Thursday, November 13, 2008

Who Speaks for Islam?: What a Billion Muslims Really Thinkby John L. Esposito and Dalia Mogahed

In a post-9/11 world, many Americans conflate the mainstream Muslim majority with the beliefs and actions of an extremist minority. But what do the world’s Muslims think about the West, or about democracy, or about extremism itself? Who Speaks for Islam? spotlights this silenced majority. The book is the product of a mammoth six-year study in which the Gallup Organization conducted tens of thousands of hour-long, face-to-face interviews with residents of more than 35 predominantly Muslim nations — urban and rural, young and old, men and women, educated and illiterate. It asks the questions everyone is curious about: Why is the Muslim world so anti-American? Who are the extremists? Is democracy something Muslims really want? What do Muslim women want? The answers to these and other pertinent, provocative questions are provided not by experts, extremists, or talking heads, but by empirical evidence — the voices of a billion Muslims.


Really interesting book, especially the "who are the extremists?" and "what do Muslim women want?" sections. Pick it up if you get the chance... or, if you're lazy, wait for the movie.

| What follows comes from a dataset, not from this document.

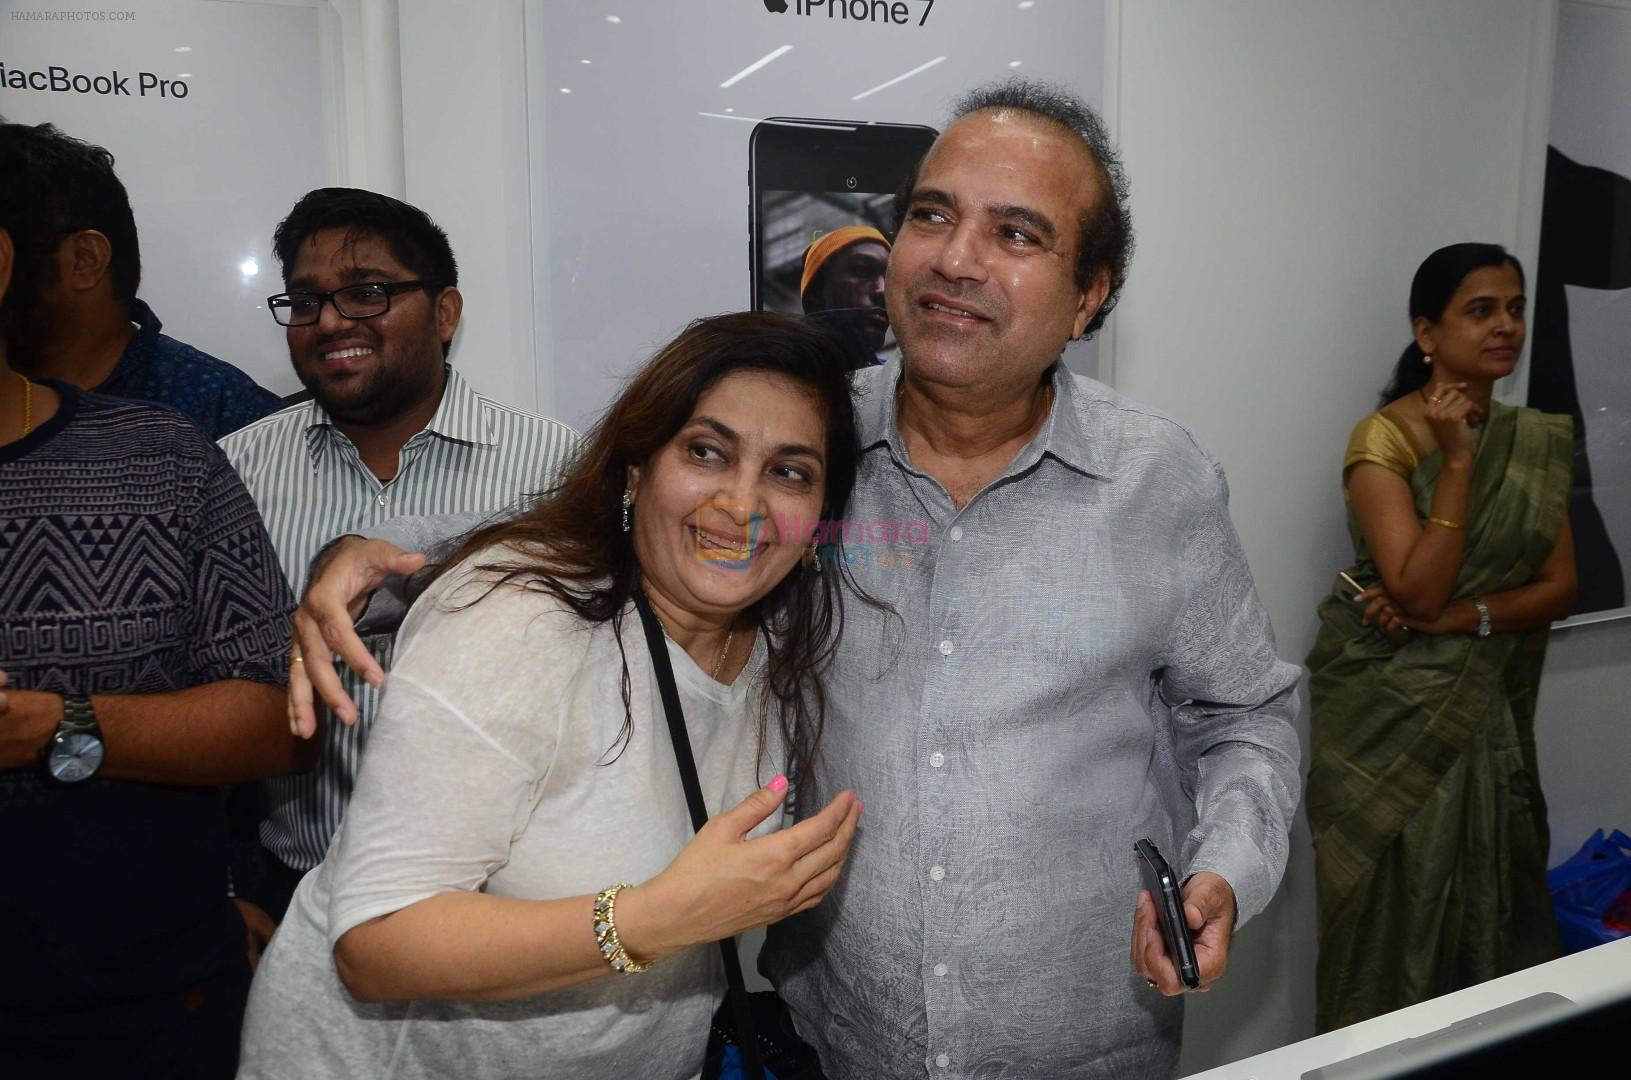 Suresh Wadkar at the Launch OF Zanai Bhosle's iAzure, Apple Store on 30th July 2017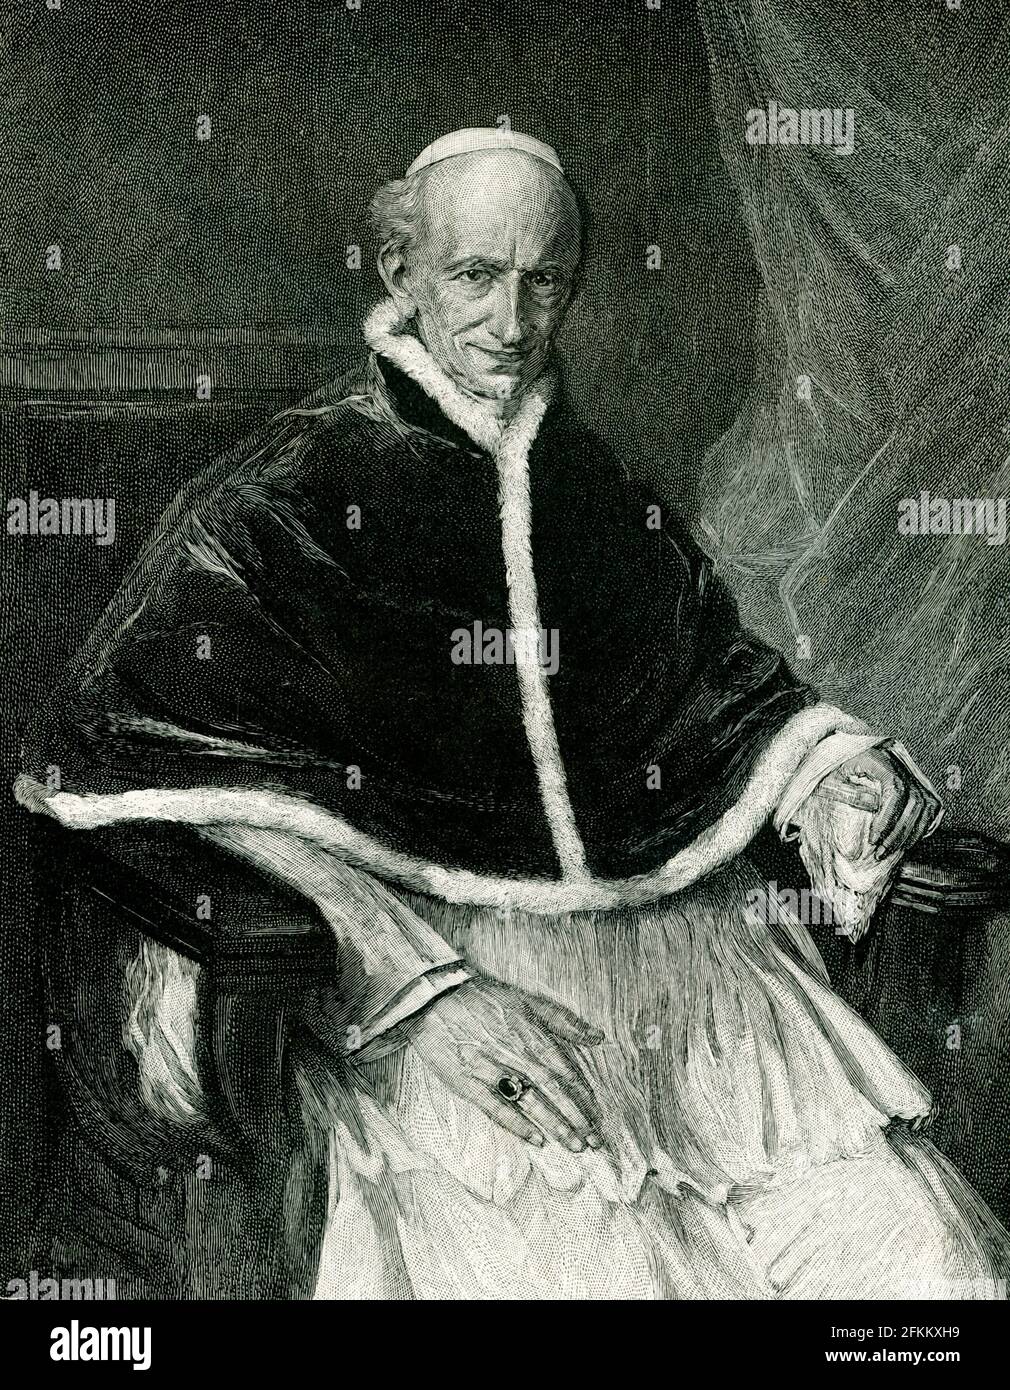 The 1896 caption reads: “ Pope Leo XIII engraved by T Johnson after photograph of painting by Lenbach in Munich.” Pope Leo III was the bishop of Rome and ruler of the Papal States from 26 December 795 to his death. Protected by Charlemagne from the supporters of his predecessor, Adrian I, Leo subsequently strengthened Charlemagne's position by crowning him emperor. Stock Photo

"A 21-year old Kenyan university student in Turkey said:

"Islam has come across and conquered great obstacles proving again and again that we were told the truth when they said that the religion is Islam. It has provided the basis of every great human achievement, the solution to every unsolvable human problem. But at some point, we lost all that. A good thing is like gold; if you never put it into a fire and heat it, it never gets the luster that makes it gold. Such is Islam, a good thing so it has to go through fire if it is to discover its essence."